#### Provided data ####

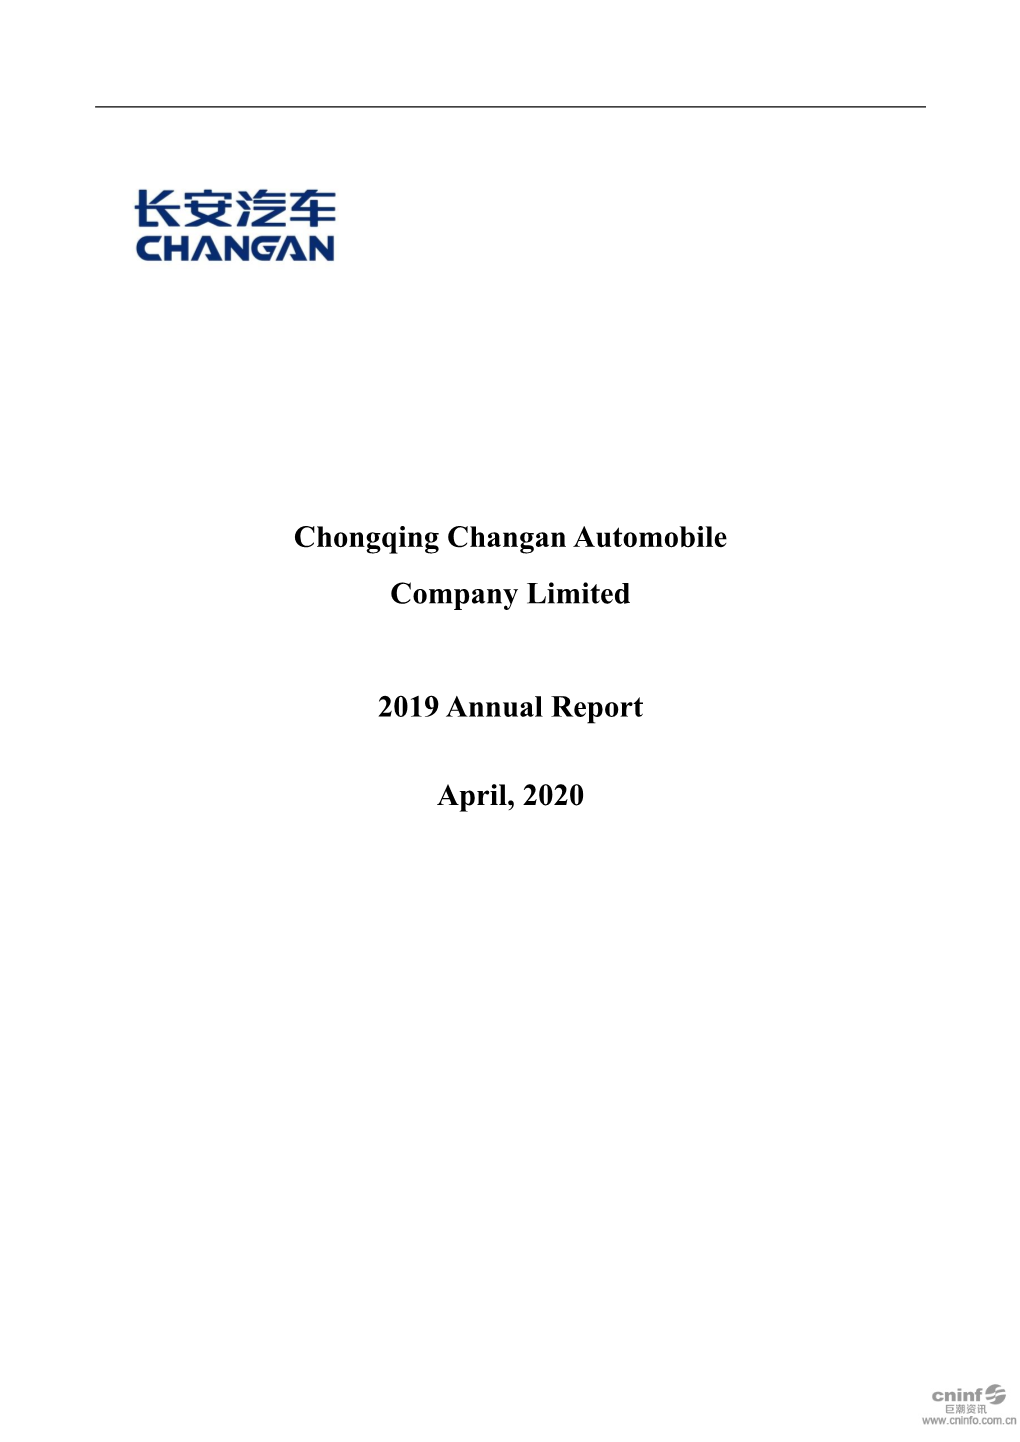 Chongqing Changan Automobile Company Limited 2019 Annual Report
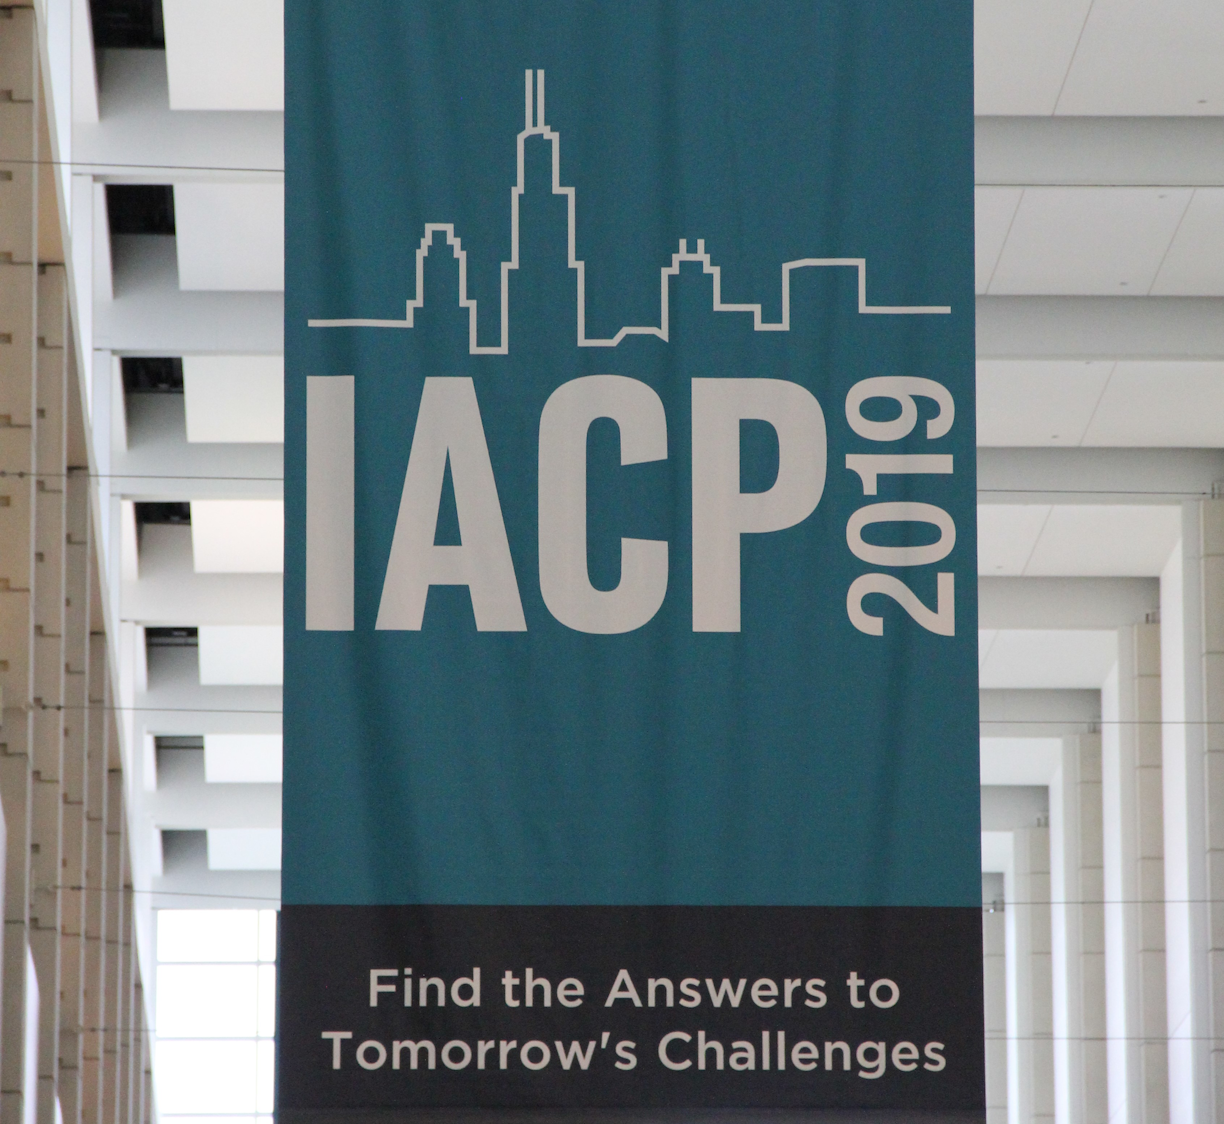 IACP 2019 Three Trends From the Floor Officer
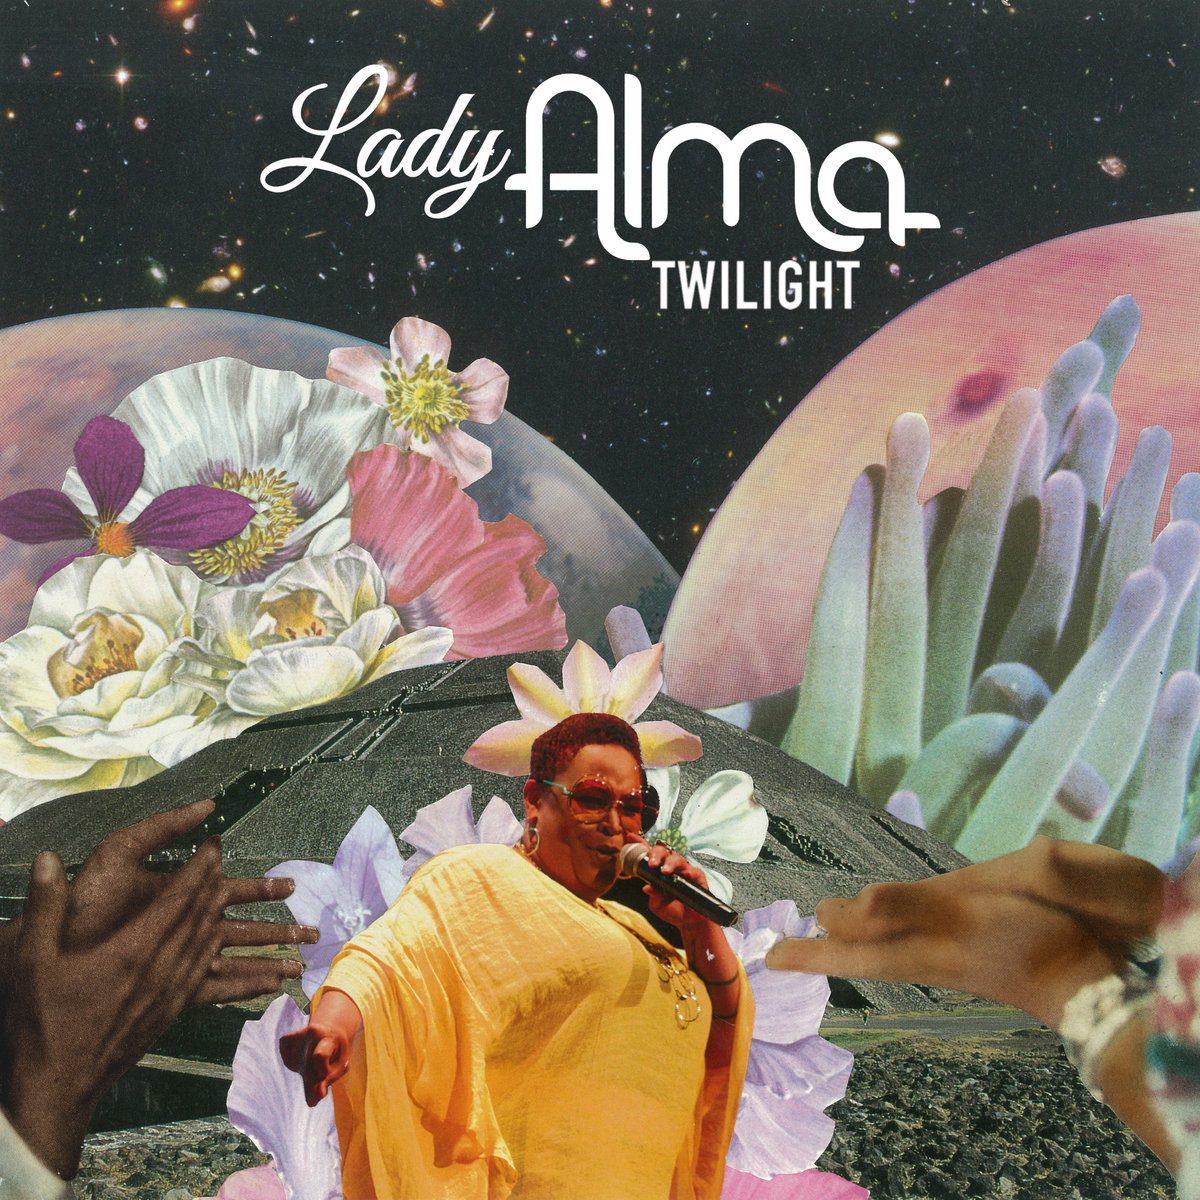 Lady Alma teamed up with Mark de Clive-Lowe for new album "Twilight"

####

• [About this task] Skip the pictures; extract only the lines from the line with "IACP 2019 Three" through the final line of the material, exactly as they appear.

• [Finished exercise]
 IACP 2019 Three Trends From the Floor Officer
 Lady Alma teamed up with Mark de Clive-Lowe for new album "Twilight"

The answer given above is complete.